The transgenic plant or plant can be any plant such as

such as but not limited to trees, cut flowers, ornamentals, vegetables or harvesting plants. The plant may be from a genus selected from the group consisting of Medicago, Lycopersicon, Brassica, Cucumis, Solanum, Juglans, Gossypium, Malus, Vitis, Antirrhinum, Populus, 15 Fragaria, Arabidopsis, Picea, Capsicum, Chenopodium, Dendranthema, Pharbitis, Pinus.

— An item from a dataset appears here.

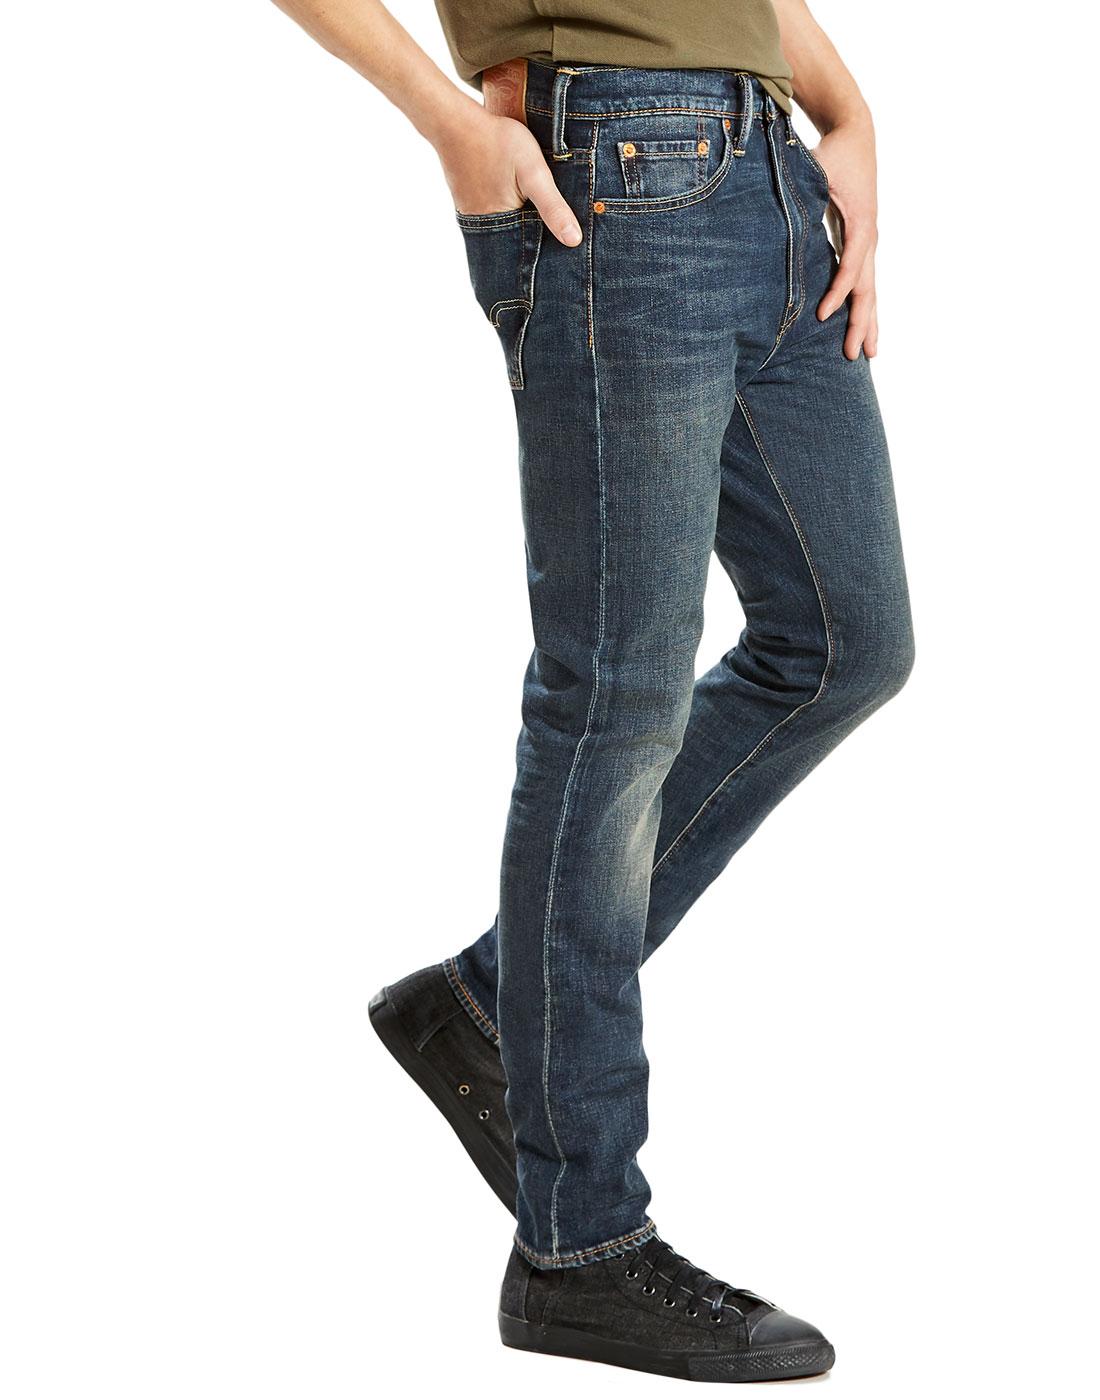 levi's 510 jeans
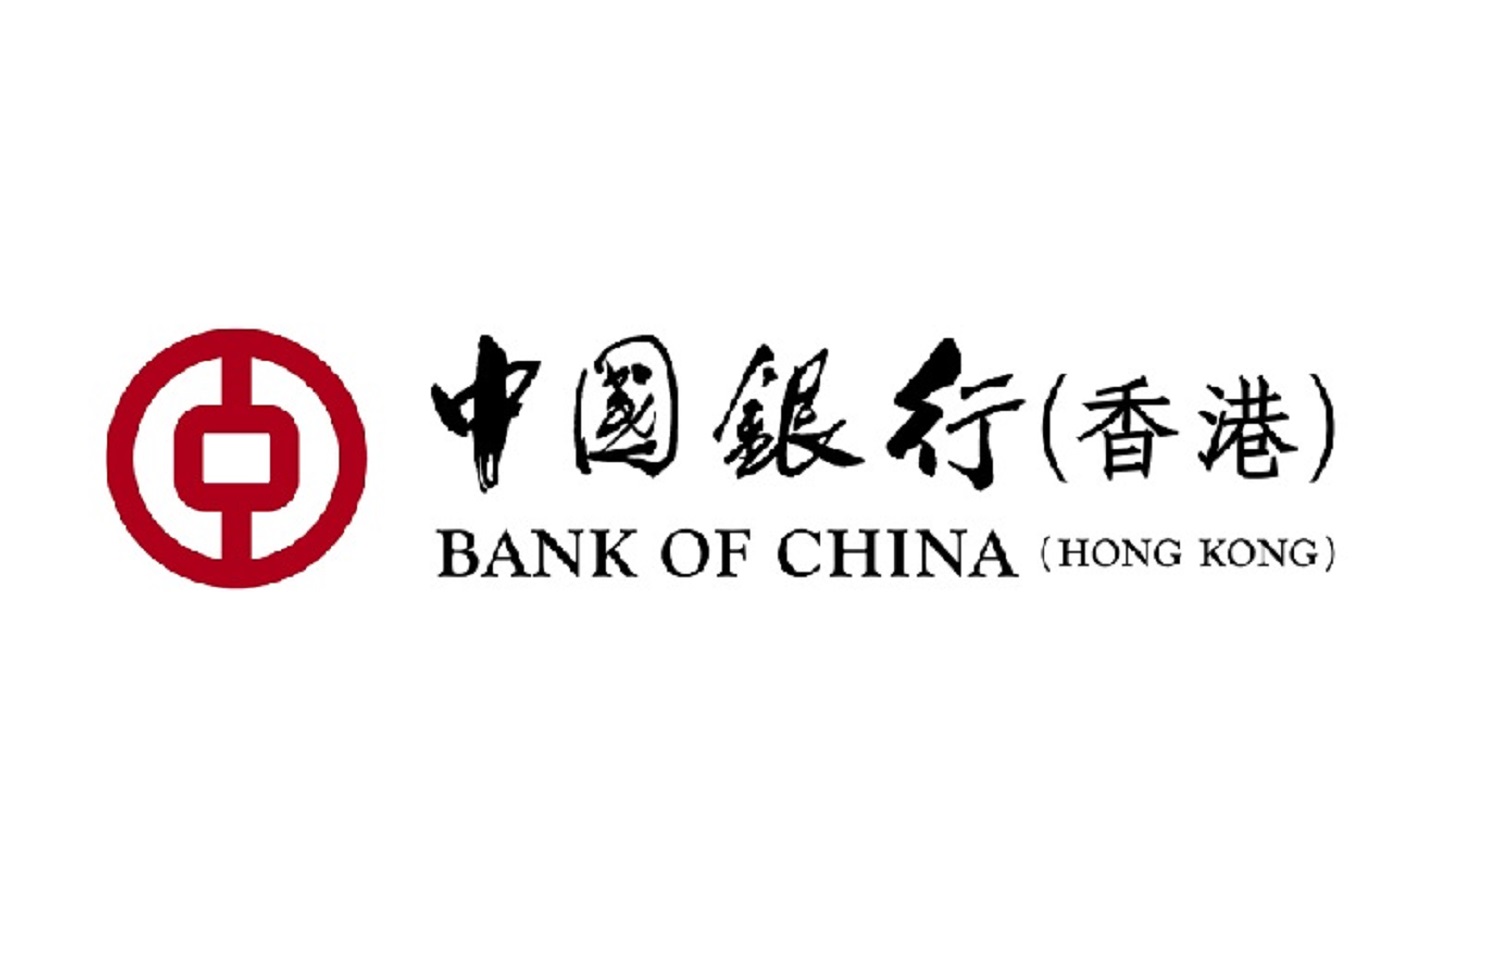 Бэнк оф сайт. Банк Китая. Bank of China логотип. Народный банк Китая. Bank of China печать.

Pisum Oryza Zea Triticum Triticale Secale Lolium Hordeum Glycine Pseudotsuga Kalanchoe Beta Helianthus Nicotiana Cucurbita Pink Fragaria Lotus Medicago Onobrychis Trifolium Trigonella Vigna Linras Geranium, Manihot, Daucus, Raphanus, 20 Sinapis, Atropa, Datura, Hyoscyamus, Nicotiana, Petunia, Digitalis, Majorana, Ciahorium, Lactuca, Bromus, Asparagus, Antirrhinum, Heterocallis, Nemesis, Pelargonium, Panicum, Pennisetum, Ranuncul, Ranunculus Salpiglossis, Browaalia, Phaseolus, Avena5 and Allium, or the plant may be selected from the group consisting of cereals including wheat, barley, sorghum, rye, triticale, maize, rice, sugar cane, and trees including apple, pear, quince love Ixeira, cherry, peach, nectarine, albricoqueiro, papaya, mango, poplar, pine, redwood, cedar, and oak. The term "plant" as used herein may be dicotyledonous crop plants such as peas, alfalfa, soybeans, carrots, celery, tomatoes, potatoes, cotton, tobacco, pepper plants, rapeseed, beets, cabbage, cauliflower, broccoli, lettuce. and Arabidopsis thaliana. In one embodiment the plant is a monocot plant or a dicot plant.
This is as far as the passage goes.